Eye Symptoms Parents need to Open their Eyes to


Eyes are the most sensitive parts in our child’s body. Babies are totally dependent upon us, their parents. They cannot tell us that their vision is not clear or that they have difficulty in focussing upon things. But you as a parent will be able to figure it out. Older children can communicate better. But then again, you need to be vigilant. Be sensitive to warning signs and symptoms like sitting close to the TV or finding it difficult to read, even squinting or rubbing the eyes always. Vision problems in children become obvious between approximately 1.5 and 4 years of age. Problems that are identified early have a greater possibility of being treated successfully. Moreover, children who suffer from vision problems tend to have issues with progress at school.

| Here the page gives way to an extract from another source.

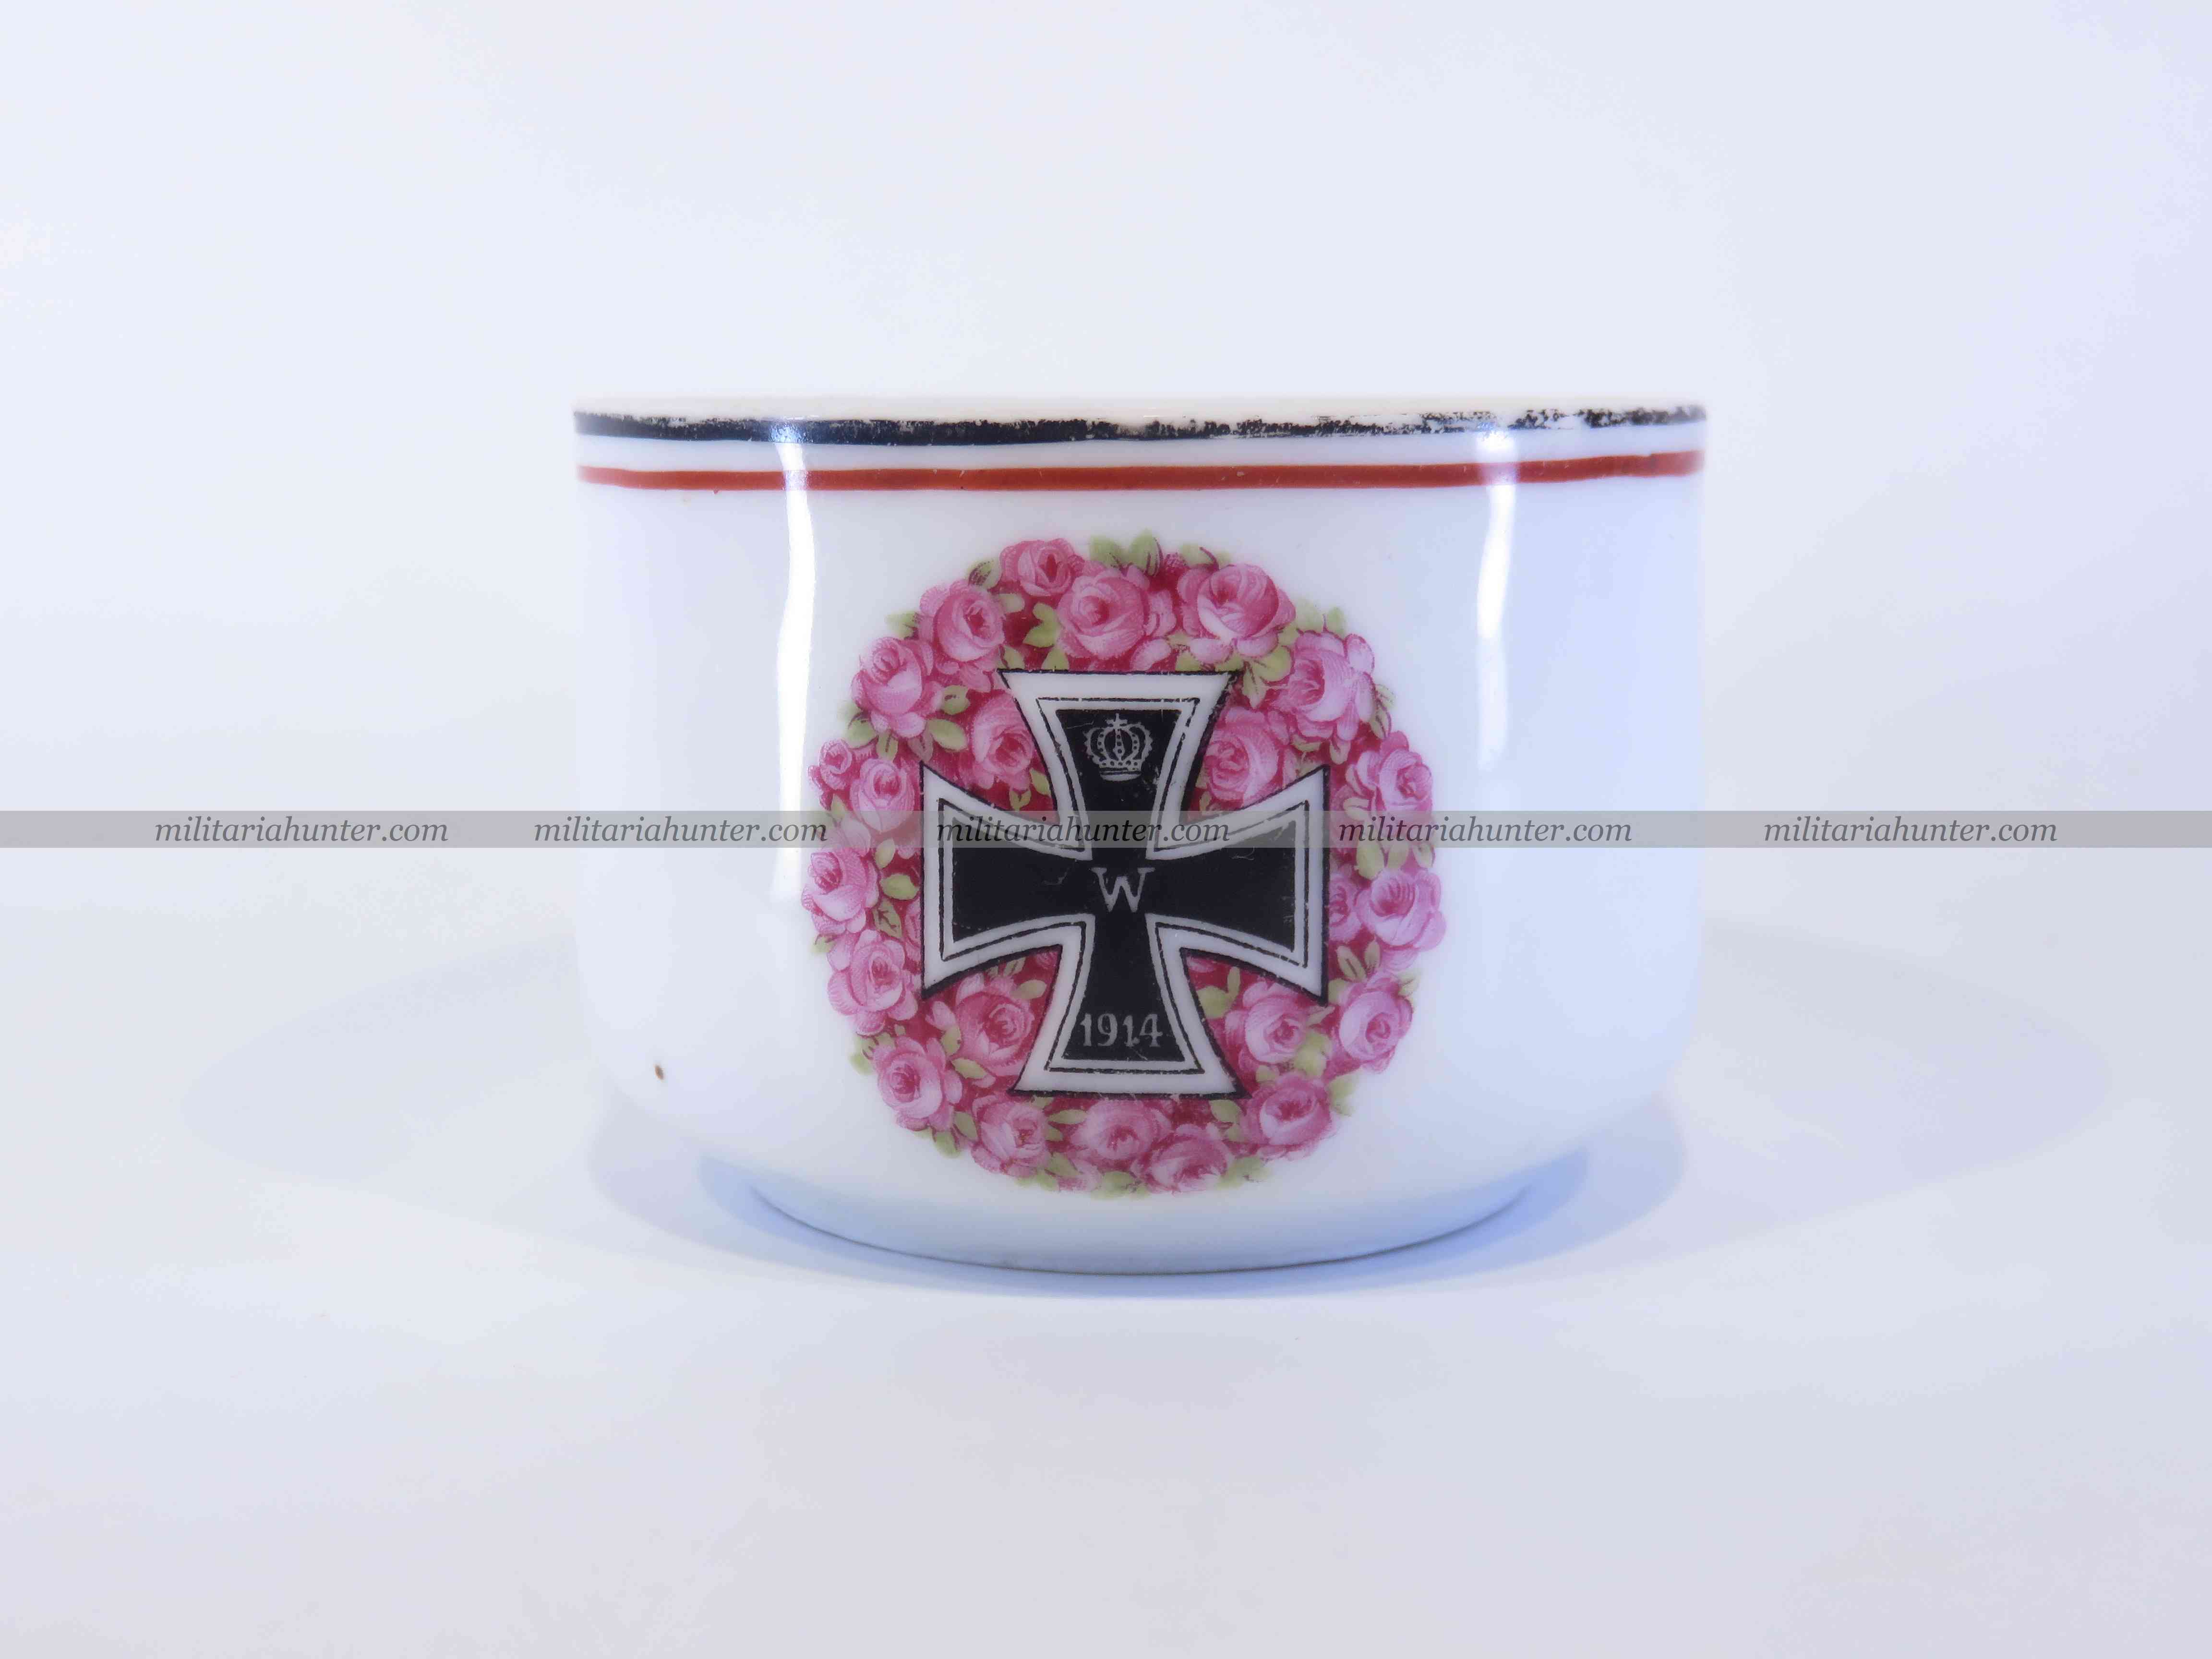 militaria : Tasse patriotique croix de fer 1914 - ww1 german iron cross cup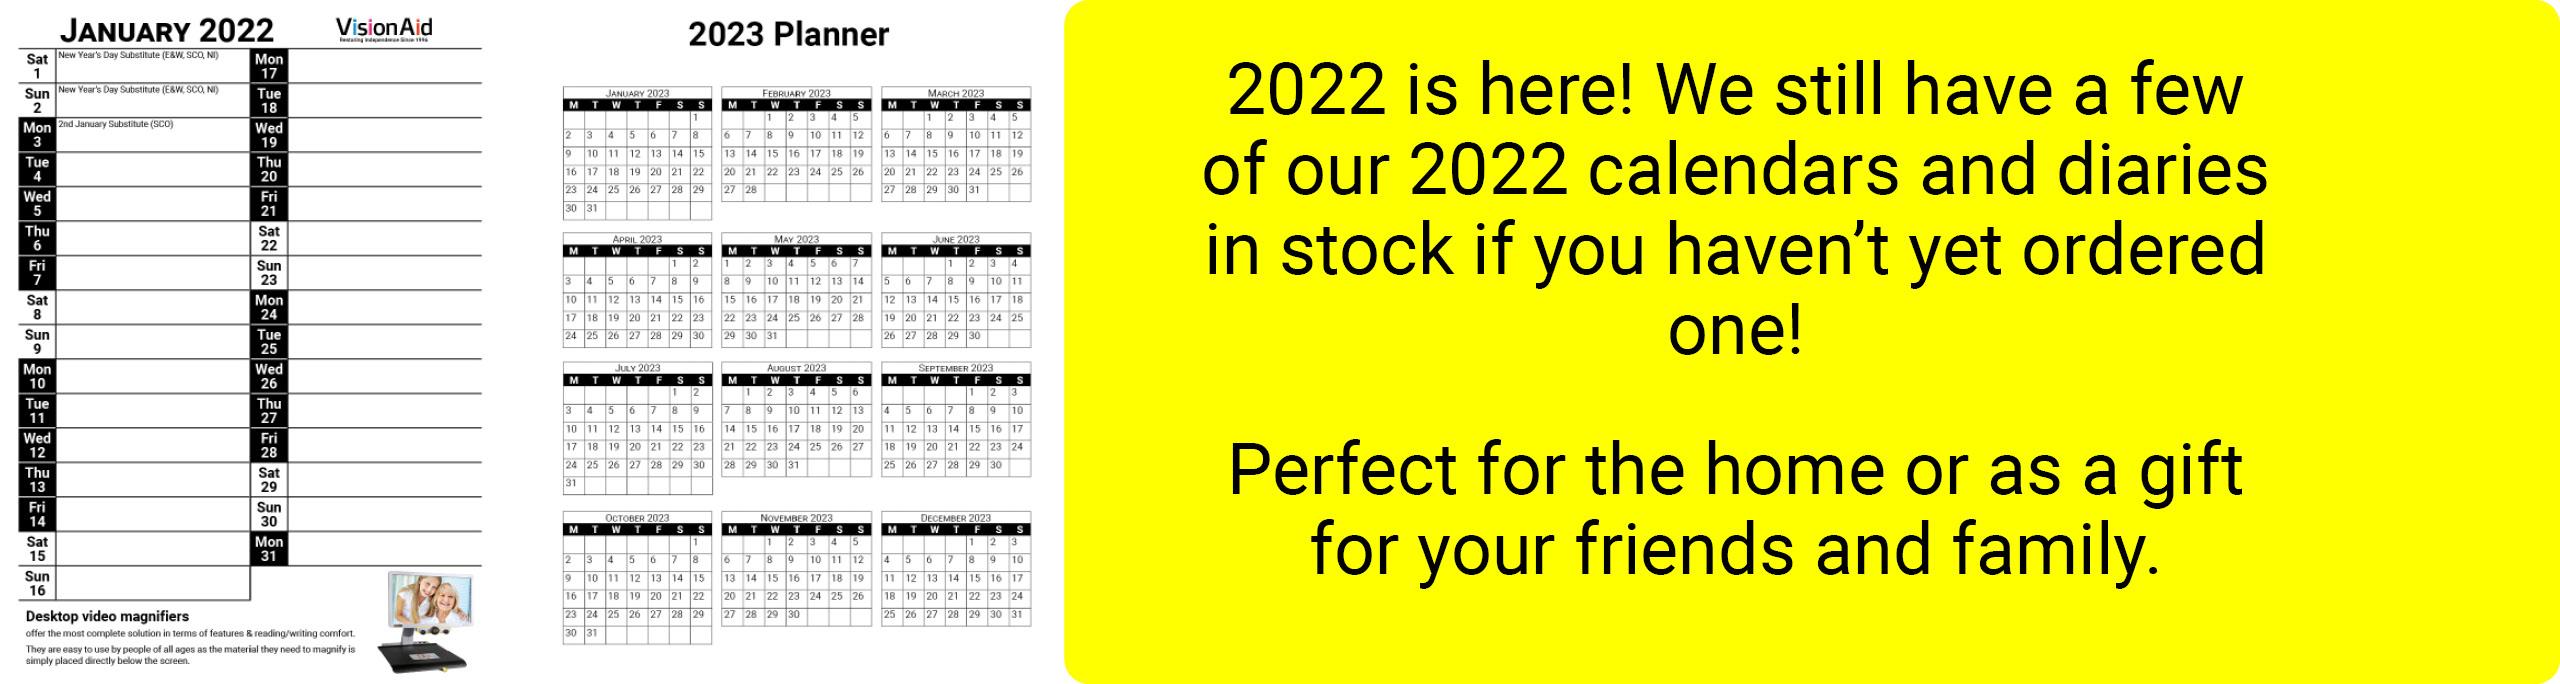 Large print 2022 calendars still available

There are other symptoms as well:

  • Babies tend to crawl incorrectly, frequently bumping into walls or furniture.
  • Tearing- This can happen in babies whose tear ducts are blocked. The eyes are filled with tears and mucus starts to form in the eyes.
  • Swelling or a painless bump on the eyelid may form due to a blocked oil gland.
  • Redness
  • Sensitivity to light, pain in the eyes, bulging or enlarged eyes- This implies that the pressure inside the eye is way too high. If not treated in time, it can cause blindness.
  • Droopy eyelids-In this situation, the eyelid is not open completely. This is due to weak eye muscles. This can lead to poor vision development.
  • Far sightedness- This causes difficulty in seeing objects that are close. But babies and children tend to normally have a small proportion of far sightedness.
  • White, yellow greyish material in the pupil- This might hint at an eye infection.
  • Difficulty in following objects and poor focusing-This also leads to reduced vision.
  • Near sightedness occurs when the child is unable to see objects that are far away. This is predominantly found in school going children.
  • Conjunctivitis or red eye is a common eye infection. The eyes are watery, itchy and the child feels uncomfortable.
  • Abnormal or excessive eye movement
  • Frequent headaches.

If any of these symptoms surface or your child’s eyes seem to look different, do get their vision tested.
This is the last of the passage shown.